Records:
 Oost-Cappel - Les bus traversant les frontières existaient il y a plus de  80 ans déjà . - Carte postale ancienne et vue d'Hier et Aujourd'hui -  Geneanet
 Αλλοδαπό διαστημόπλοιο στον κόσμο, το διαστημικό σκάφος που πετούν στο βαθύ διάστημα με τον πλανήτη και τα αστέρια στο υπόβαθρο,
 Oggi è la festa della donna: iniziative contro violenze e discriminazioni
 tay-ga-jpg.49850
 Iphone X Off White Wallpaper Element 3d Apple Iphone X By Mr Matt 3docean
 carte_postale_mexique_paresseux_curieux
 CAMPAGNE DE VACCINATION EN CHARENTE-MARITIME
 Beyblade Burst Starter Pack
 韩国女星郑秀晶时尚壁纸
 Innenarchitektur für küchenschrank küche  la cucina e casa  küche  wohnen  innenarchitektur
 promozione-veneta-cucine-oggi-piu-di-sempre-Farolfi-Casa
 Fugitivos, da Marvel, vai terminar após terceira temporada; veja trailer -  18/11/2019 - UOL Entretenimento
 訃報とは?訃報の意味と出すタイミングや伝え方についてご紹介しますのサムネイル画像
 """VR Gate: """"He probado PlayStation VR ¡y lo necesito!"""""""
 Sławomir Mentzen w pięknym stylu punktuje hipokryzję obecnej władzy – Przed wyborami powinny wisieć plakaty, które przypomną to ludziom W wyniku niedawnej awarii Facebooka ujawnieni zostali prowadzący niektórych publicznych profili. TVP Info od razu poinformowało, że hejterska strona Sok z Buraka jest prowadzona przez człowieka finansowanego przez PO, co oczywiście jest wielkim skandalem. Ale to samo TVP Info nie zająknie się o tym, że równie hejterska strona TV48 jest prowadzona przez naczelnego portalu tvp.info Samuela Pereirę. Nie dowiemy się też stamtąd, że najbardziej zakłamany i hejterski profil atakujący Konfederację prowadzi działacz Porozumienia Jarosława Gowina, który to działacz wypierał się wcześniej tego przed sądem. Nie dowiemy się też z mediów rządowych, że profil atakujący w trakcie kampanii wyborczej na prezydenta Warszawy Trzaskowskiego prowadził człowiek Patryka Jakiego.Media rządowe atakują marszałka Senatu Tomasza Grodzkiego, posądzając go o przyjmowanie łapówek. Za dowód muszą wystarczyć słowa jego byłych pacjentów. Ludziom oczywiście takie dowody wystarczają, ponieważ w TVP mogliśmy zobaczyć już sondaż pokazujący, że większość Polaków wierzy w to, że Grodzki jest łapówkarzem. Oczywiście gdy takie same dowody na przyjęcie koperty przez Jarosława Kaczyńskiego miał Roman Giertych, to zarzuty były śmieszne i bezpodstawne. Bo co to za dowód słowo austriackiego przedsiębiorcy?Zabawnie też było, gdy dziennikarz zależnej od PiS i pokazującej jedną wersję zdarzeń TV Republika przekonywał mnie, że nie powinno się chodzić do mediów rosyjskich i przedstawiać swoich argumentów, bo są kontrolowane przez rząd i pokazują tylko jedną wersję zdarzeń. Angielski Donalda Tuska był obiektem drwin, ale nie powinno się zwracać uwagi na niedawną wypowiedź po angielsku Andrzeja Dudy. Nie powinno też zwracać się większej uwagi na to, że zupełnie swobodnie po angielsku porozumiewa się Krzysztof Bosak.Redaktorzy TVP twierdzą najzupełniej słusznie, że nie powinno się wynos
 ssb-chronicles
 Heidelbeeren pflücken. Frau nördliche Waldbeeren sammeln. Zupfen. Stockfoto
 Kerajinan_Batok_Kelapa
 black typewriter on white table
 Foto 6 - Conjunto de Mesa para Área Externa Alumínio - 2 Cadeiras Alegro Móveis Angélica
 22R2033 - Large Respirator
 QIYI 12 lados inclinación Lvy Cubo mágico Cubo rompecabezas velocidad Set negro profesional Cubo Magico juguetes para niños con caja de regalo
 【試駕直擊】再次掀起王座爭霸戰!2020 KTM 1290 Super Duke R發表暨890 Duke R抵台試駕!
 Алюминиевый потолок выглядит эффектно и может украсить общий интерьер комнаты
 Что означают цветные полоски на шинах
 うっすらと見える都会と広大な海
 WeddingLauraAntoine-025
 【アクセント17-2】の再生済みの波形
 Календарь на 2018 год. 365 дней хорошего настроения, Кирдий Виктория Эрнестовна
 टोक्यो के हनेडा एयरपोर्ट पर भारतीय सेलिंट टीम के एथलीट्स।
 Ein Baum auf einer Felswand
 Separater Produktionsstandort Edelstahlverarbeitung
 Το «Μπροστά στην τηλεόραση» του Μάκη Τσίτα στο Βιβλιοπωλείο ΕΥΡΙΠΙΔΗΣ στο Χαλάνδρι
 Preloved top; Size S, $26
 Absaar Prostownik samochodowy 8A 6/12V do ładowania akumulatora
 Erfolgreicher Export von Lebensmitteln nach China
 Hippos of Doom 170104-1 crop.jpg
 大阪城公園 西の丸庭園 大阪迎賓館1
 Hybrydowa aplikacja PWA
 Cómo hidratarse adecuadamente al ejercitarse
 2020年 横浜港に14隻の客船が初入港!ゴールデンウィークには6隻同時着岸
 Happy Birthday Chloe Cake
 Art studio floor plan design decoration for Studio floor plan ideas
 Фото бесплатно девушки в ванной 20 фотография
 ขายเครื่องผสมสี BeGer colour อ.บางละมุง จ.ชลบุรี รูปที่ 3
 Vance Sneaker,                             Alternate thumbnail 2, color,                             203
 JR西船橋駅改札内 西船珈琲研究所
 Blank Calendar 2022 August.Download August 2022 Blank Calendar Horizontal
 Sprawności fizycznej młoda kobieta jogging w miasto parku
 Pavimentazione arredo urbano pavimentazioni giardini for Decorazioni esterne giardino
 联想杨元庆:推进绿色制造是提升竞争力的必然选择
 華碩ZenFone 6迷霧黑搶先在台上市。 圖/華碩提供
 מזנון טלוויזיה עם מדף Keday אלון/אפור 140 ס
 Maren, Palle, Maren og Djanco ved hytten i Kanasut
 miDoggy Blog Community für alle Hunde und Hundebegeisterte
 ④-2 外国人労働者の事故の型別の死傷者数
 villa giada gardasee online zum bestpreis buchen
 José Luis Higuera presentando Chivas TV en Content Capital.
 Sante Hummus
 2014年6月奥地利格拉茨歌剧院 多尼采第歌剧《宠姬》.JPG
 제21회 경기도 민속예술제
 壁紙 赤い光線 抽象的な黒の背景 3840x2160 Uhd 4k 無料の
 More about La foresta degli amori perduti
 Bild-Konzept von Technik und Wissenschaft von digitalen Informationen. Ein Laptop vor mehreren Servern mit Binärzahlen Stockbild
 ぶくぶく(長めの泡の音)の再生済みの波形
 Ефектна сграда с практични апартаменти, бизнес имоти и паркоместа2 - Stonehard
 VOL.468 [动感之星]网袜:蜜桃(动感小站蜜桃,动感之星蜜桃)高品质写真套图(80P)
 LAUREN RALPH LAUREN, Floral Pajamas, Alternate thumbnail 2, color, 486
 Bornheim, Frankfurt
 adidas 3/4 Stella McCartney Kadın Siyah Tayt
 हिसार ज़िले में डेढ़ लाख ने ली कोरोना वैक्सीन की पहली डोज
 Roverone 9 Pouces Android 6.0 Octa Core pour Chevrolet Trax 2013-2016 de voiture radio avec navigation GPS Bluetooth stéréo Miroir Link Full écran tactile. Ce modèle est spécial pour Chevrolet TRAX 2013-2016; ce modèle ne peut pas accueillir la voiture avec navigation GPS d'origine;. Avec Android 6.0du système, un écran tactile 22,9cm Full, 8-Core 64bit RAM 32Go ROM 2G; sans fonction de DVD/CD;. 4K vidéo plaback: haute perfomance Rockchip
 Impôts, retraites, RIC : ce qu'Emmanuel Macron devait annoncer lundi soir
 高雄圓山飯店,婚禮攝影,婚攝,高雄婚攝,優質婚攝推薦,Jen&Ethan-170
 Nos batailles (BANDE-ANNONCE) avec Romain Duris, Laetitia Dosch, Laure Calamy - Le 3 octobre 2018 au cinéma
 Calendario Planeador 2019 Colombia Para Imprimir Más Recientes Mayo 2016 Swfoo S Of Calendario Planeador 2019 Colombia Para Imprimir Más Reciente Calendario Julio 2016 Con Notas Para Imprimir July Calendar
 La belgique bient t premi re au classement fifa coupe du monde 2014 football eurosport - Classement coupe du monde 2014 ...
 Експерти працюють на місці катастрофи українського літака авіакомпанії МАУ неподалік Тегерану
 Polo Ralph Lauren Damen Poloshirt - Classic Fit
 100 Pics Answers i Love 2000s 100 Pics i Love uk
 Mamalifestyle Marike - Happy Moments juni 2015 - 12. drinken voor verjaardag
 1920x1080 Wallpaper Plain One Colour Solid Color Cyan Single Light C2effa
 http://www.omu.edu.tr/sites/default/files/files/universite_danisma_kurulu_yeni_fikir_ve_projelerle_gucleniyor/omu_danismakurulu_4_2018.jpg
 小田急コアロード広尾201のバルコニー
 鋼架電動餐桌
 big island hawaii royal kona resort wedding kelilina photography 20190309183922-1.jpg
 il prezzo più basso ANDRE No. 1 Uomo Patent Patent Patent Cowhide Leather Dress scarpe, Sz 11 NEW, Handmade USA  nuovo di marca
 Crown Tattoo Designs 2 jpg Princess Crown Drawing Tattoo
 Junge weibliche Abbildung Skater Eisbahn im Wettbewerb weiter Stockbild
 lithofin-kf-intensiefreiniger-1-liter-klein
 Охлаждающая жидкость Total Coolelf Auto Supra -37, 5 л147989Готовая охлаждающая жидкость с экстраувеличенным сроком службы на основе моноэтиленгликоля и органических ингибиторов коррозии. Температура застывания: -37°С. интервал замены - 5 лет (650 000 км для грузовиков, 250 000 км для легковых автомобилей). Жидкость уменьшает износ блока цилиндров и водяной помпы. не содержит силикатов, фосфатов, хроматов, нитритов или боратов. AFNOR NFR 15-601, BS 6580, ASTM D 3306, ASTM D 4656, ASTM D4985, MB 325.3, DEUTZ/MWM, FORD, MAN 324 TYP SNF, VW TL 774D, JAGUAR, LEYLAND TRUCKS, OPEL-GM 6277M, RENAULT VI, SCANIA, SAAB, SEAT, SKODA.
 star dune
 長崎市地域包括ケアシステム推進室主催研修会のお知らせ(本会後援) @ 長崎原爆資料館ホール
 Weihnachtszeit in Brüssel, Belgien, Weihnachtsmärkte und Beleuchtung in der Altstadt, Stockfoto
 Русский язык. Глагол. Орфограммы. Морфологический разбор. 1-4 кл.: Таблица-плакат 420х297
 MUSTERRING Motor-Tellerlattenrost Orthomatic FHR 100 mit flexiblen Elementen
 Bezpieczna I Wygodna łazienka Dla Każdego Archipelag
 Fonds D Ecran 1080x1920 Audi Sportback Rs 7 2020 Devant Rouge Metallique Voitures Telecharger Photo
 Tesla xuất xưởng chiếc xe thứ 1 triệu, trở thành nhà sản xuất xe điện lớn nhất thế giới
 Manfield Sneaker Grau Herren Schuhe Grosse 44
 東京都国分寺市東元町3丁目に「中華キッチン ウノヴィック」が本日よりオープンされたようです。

Assignment: The expected output is exactly the lines of the listing above between the line holding "Heidelbeeren pflücken. Frau" and the line holding "More about La foresta degli amori perduti", inclusive.

Expected output:
 Heidelbeeren pflücken. Frau nördliche Waldbeeren sammeln. Zupfen. Stockfoto
 Kerajinan_Batok_Kelapa
 black typewriter on white table
 Foto 6 - Conjunto de Mesa para Área Externa Alumínio - 2 Cadeiras Alegro Móveis Angélica
 22R2033 - Large Respirator
 QIYI 12 lados inclinación Lvy Cubo mágico Cubo rompecabezas velocidad Set negro profesional Cubo Magico juguetes para niños con caja de regalo
 【試駕直擊】再次掀起王座爭霸戰!2020 KTM 1290 Super Duke R發表暨890 Duke R抵台試駕!
 Алюминиевый потолок выглядит эффектно и может украсить общий интерьер комнаты
 Что означают цветные полоски на шинах
 うっすらと見える都会と広大な海
 WeddingLauraAntoine-025
 【アクセント17-2】の再生済みの波形
 Календарь на 2018 год. 365 дней хорошего настроения, Кирдий Виктория Эрнестовна
 टोक्यो के हनेडा एयरपोर्ट पर भारतीय सेलिंट टीम के एथलीट्स।
 Ein Baum auf einer Felswand
 Separater Produktionsstandort Edelstahlverarbeitung
 Το «Μπροστά στην τηλεόραση» του Μάκη Τσίτα στο Βιβλιοπωλείο ΕΥΡΙΠΙΔΗΣ στο Χαλάνδρι
 Preloved top; Size S, $26
 Absaar Prostownik samochodowy 8A 6/12V do ładowania akumulatora
 Erfolgreicher Export von Lebensmitteln nach China
 Hippos of Doom 170104-1 crop.jpg
 大阪城公園 西の丸庭園 大阪迎賓館1
 Hybrydowa aplikacja PWA
 Cómo hidratarse adecuadamente al ejercitarse
 2020年 横浜港に14隻の客船が初入港!ゴールデンウィークには6隻同時着岸
 Happy Birthday Chloe Cake
 Art studio floor plan design decoration for Studio floor plan ideas
 Фото бесплатно девушки в ванной 20 фотография
 ขายเครื่องผสมสี BeGer colour อ.บางละมุง จ.ชลบุรี รูปที่ 3
 Vance Sneaker,                             Alternate thumbnail 2, color,                             203
 JR西船橋駅改札内 西船珈琲研究所
 Blank Calendar 2022 August.Download August 2022 Blank Calendar Horizontal
 Sprawności fizycznej młoda kobieta jogging w miasto parku
 Pavimentazione arredo urbano pavimentazioni giardini for Decorazioni esterne giardino
 联想杨元庆:推进绿色制造是提升竞争力的必然选择
 華碩ZenFone 6迷霧黑搶先在台上市。 圖/華碩提供
 מזנון טלוויזיה עם מדף Keday אלון/אפור 140 ס
 Maren, Palle, Maren og Djanco ved hytten i Kanasut
 miDoggy Blog Community für alle Hunde und Hundebegeisterte
 ④-2 外国人労働者の事故の型別の死傷者数
 villa giada gardasee online zum bestpreis buchen
 José Luis Higuera presentando Chivas TV en Content Capital.
 Sante Hummus
 2014年6月奥地利格拉茨歌剧院 多尼采第歌剧《宠姬》.JPG
 제21회 경기도 민속예술제
 壁紙 赤い光線 抽象的な黒の背景 3840x2160 Uhd 4k 無料の
 More about La foresta degli amori perduti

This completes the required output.